This and That

By Lisa Baker

This post is a little of this and a little of that.  My family and I celebrated my Dad’s 81st birthday this month.  We were able to use the family room at his facility to celebrate in.  All of his remaining siblings were able to come. He did not realize that it was his birthday so it was indeed a surprise.


We all had a good time visiting with Dad.  I made his favorite cake.  A Japanese fruit cake.  This is usually made as a layer cake.  To make it easier to carry I made it in a 9 by 13 pan as a single layer cake.  Dad gave me a wonderful compliment.  He said it was as good as his Mom’s.  Over the years I have often made this same cake for him.  Always he would tell me it’s not quite as good as his Mom’s.  So to me that was rewarding and a memory I’ll never forget.

Of course, during the celebration Dad kept saying that he wanted to pack up his things and go home with one of us when it was time to go.  We had to keep telling him to just hold on and enjoy your party.  We had to leave one at a time while whomever was left kept him busy talking.  It was a good day.
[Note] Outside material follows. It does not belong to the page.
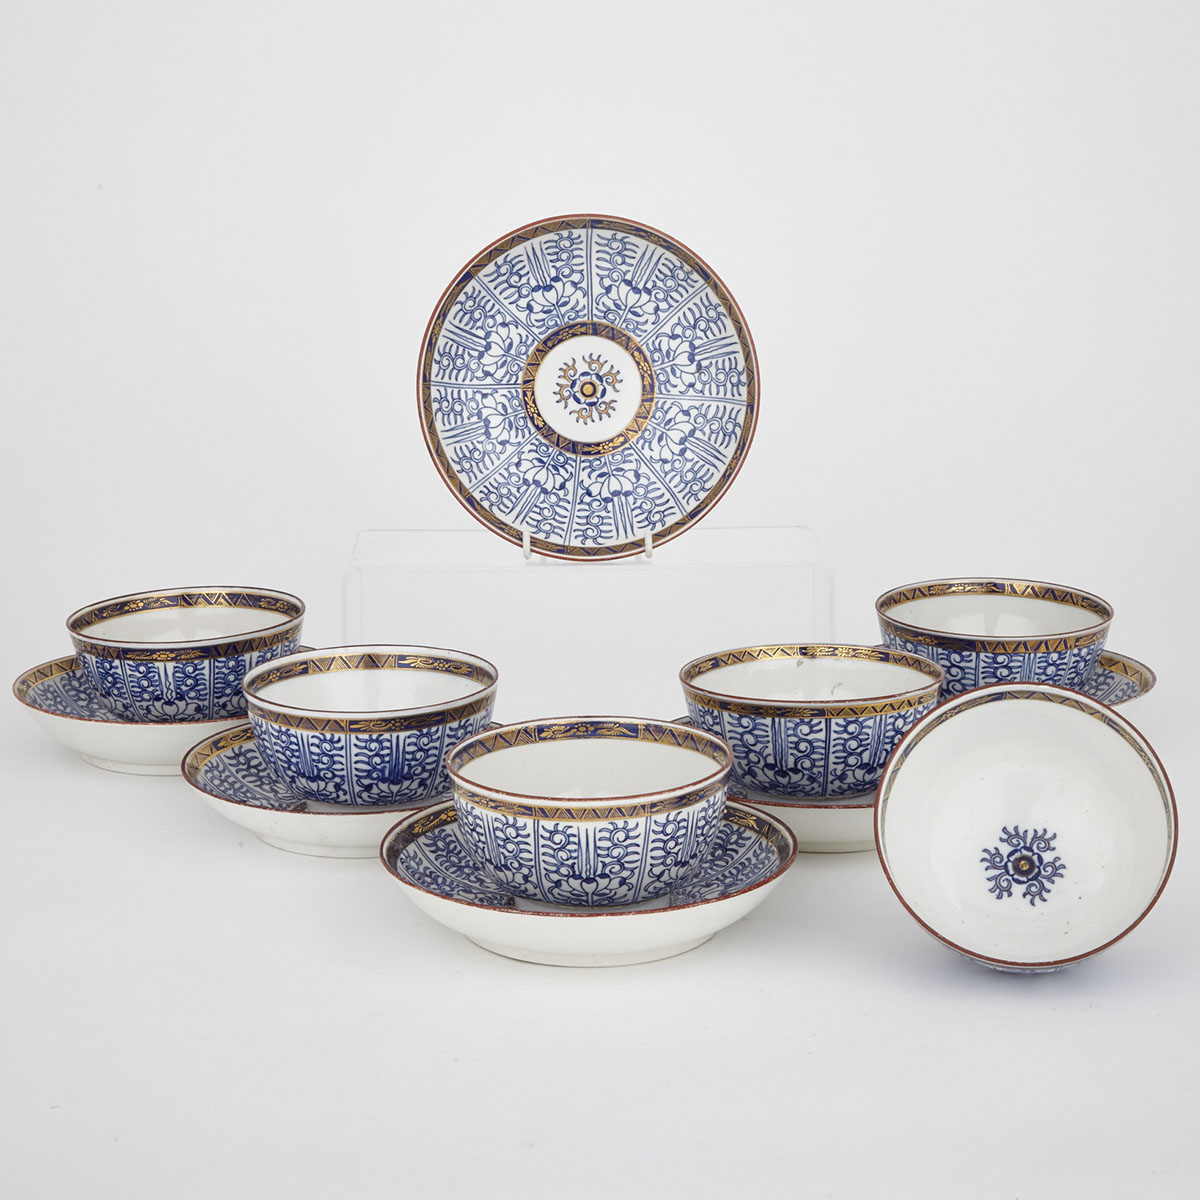 Six Worcester ‘Royal Lily’ Large Tea Bowls and Saucers, late 18th century

Now a little of that.  During the week leading up to Dads birthday we had some water issues at home.  I’m living in Mom and Dad’s house now.  We didn’t have hot water one night.  So, there I was trying to figure out what was wrong as well as who have they called in the past for water issues.  They are both at a point where if I had asked them I wouldn’t have gotten the answer.  I called my neighbor which is also my cousin and ask her who she used.  She was able to give me a name and number of a gentleman that proved to be honest and fair to help us out.  The problem was an easy fix.  But while he was here he was able to tell that we also had another issue brewing.  He was able to fix that as well.  It was more than we expected but keeps the second issue from becoming an emergent fix later on.  Now we have the name of an excellent plumber.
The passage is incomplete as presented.